Voir David Armstrong : Le concept d’un état mental est celui d’un état interne qualifié
d’être causé par certaines entrées (inputs) sensorielles et qualifié de causer certaines sorties de
comportements (outputs) (cité chez Kim, p. 77).
Bref regard sur quelques objections contre le fonctionnalisme :
En général, il y a la question comment le F. rend compte de l’aspect d’expérience
subjective ou qualitative, ou autrement dit, de l’aspect de la conscience de nos états mentaux ?
Exemples : La douleur en tant qu’état fonctionnel-causal, versus douleur comme
expérience (quelque chose qui « fait mal »)

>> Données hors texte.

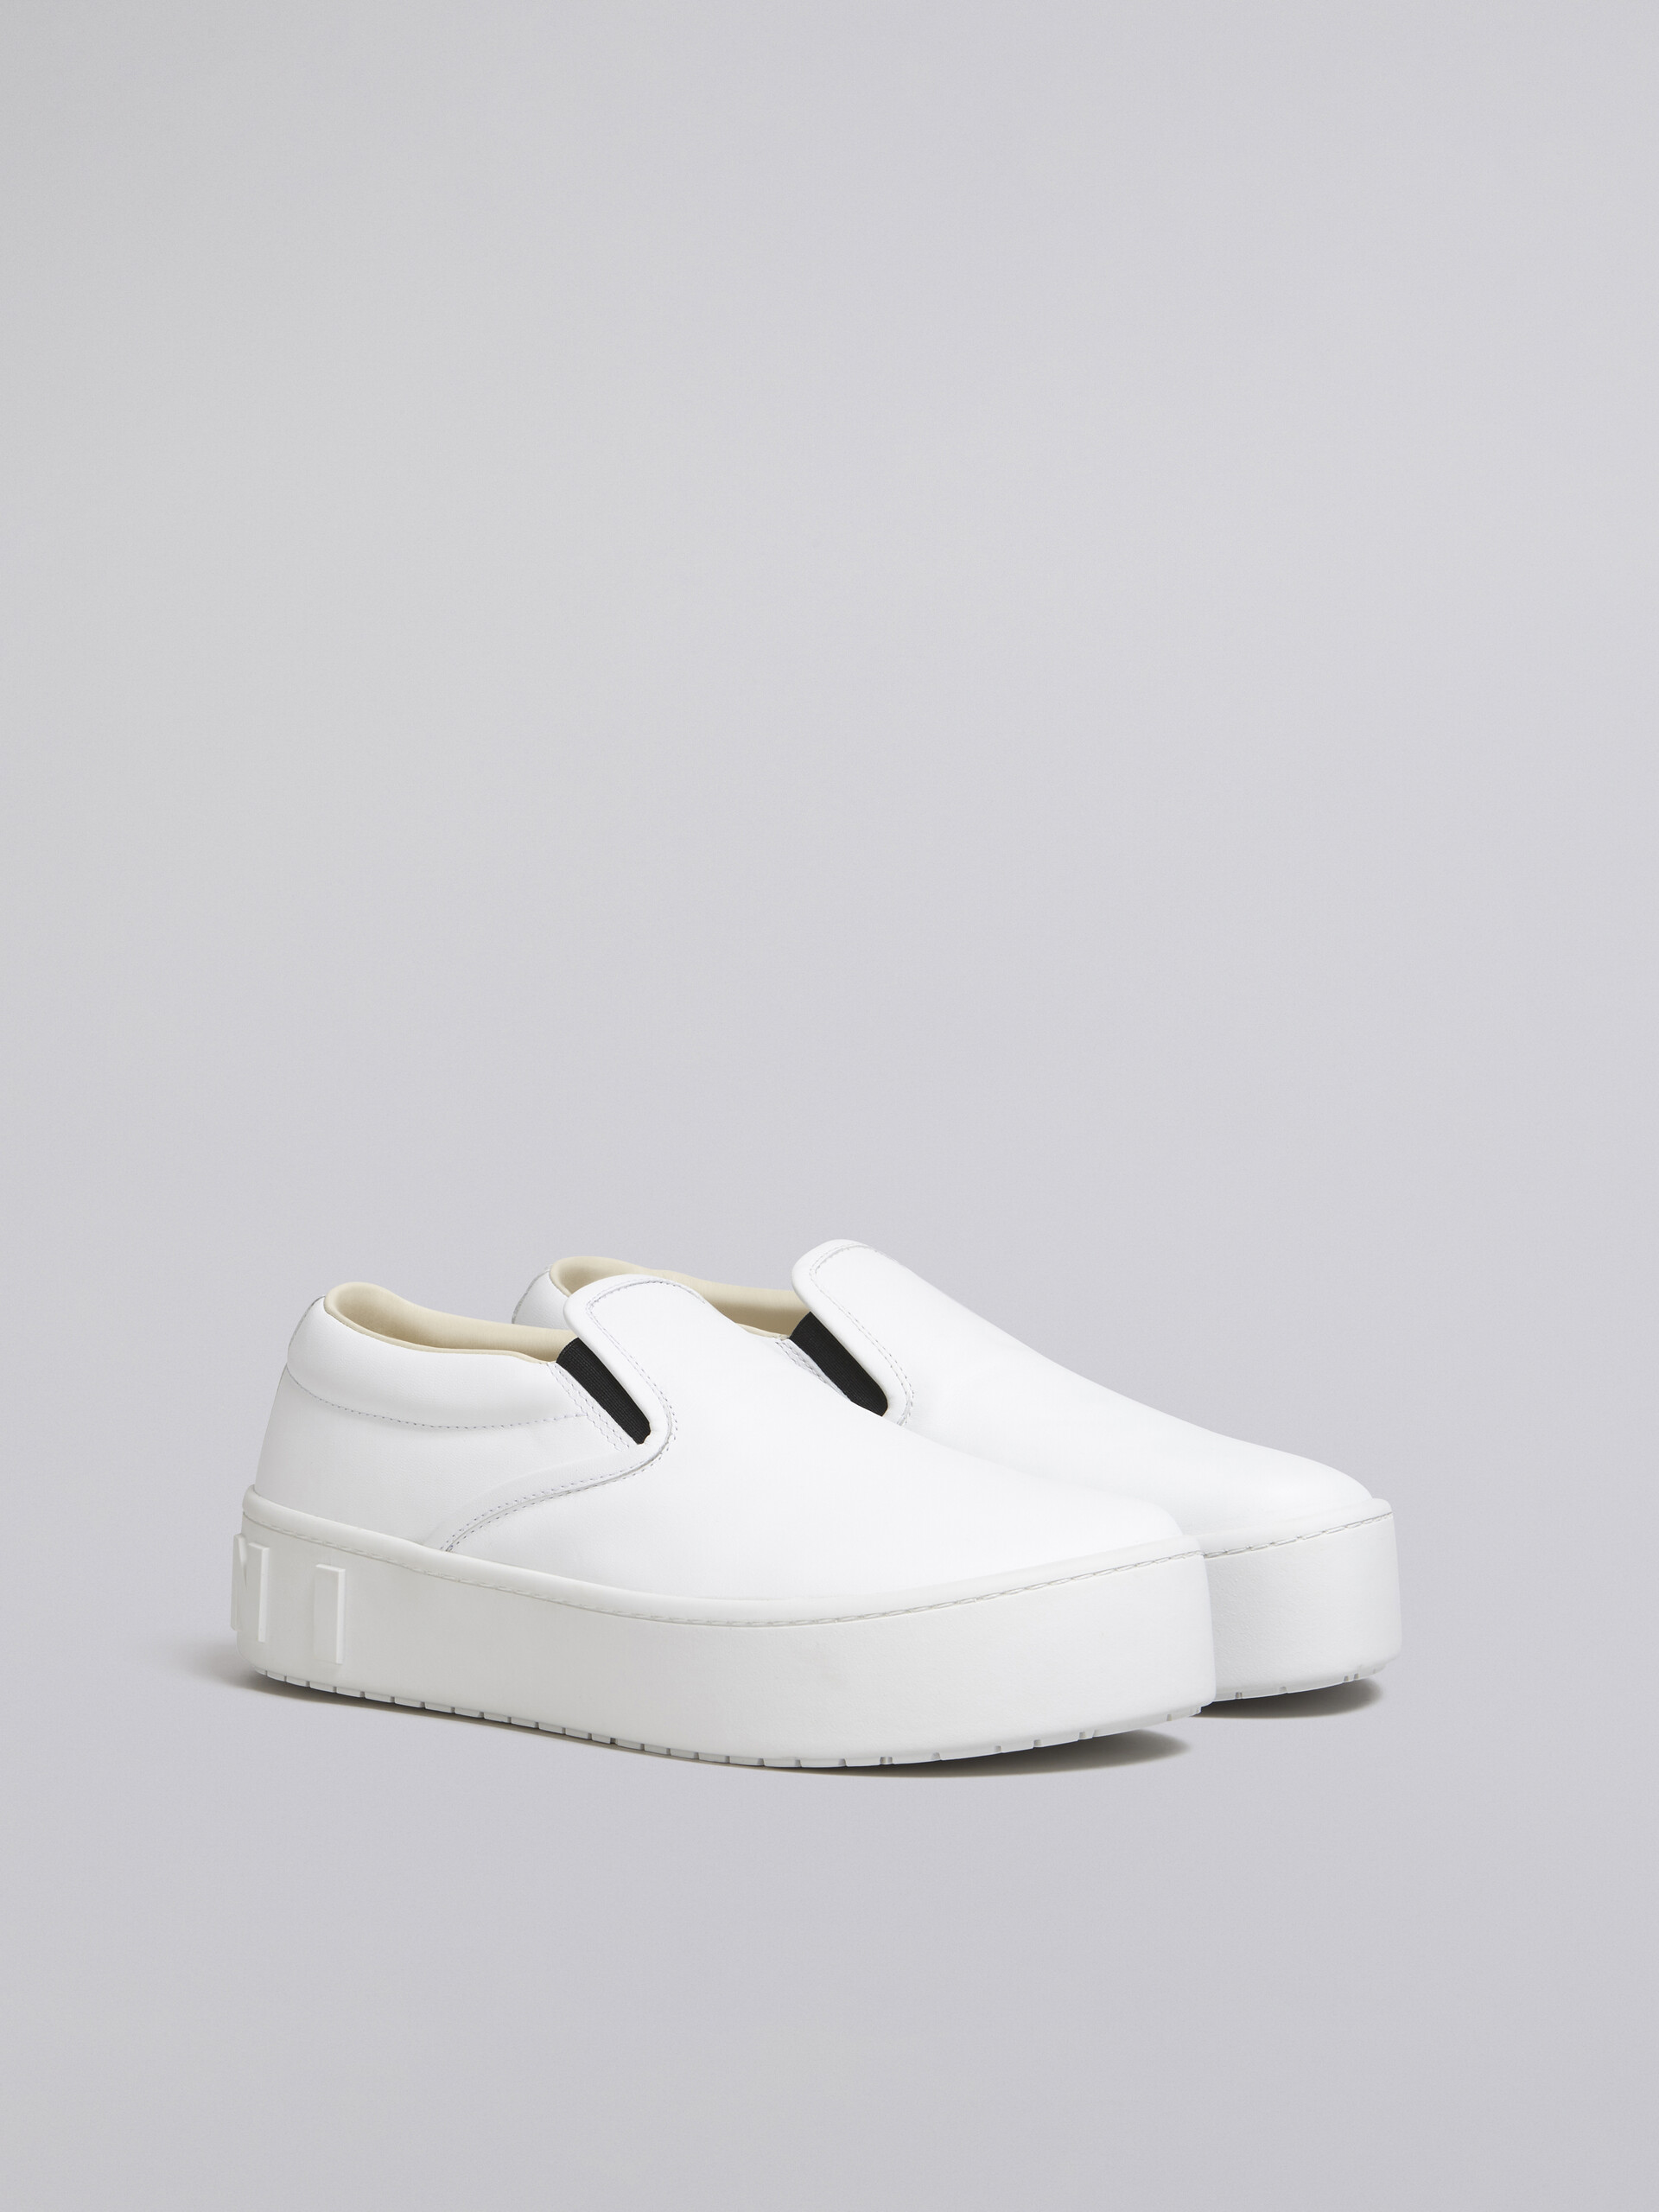 Sneaker slip-on in vitello bianco con maxi logo Marni in rilievo - Sneakers - Image 2

Ou bien : Comportement fonctionnellement équivalent tout en ayant une qualité
d’expérience différente dans le cas d’expériences sensorielles telle l’expérience de couleurs ;
le cas normal ; le cas des qualia inversés et le cas des qualia absents.
Littérature :
Braddon-Mitchell, David et Frank Jackson. Philosophy of Mind and Cognition. Blackwell,
Oxford 1996.
Heil, John. Philosophy of Mind. A contemporary introduction. Routledge, London 2002
(première édition 1998)
Jaegwon Kim (1996). Philosophy of Mind. Westview Press.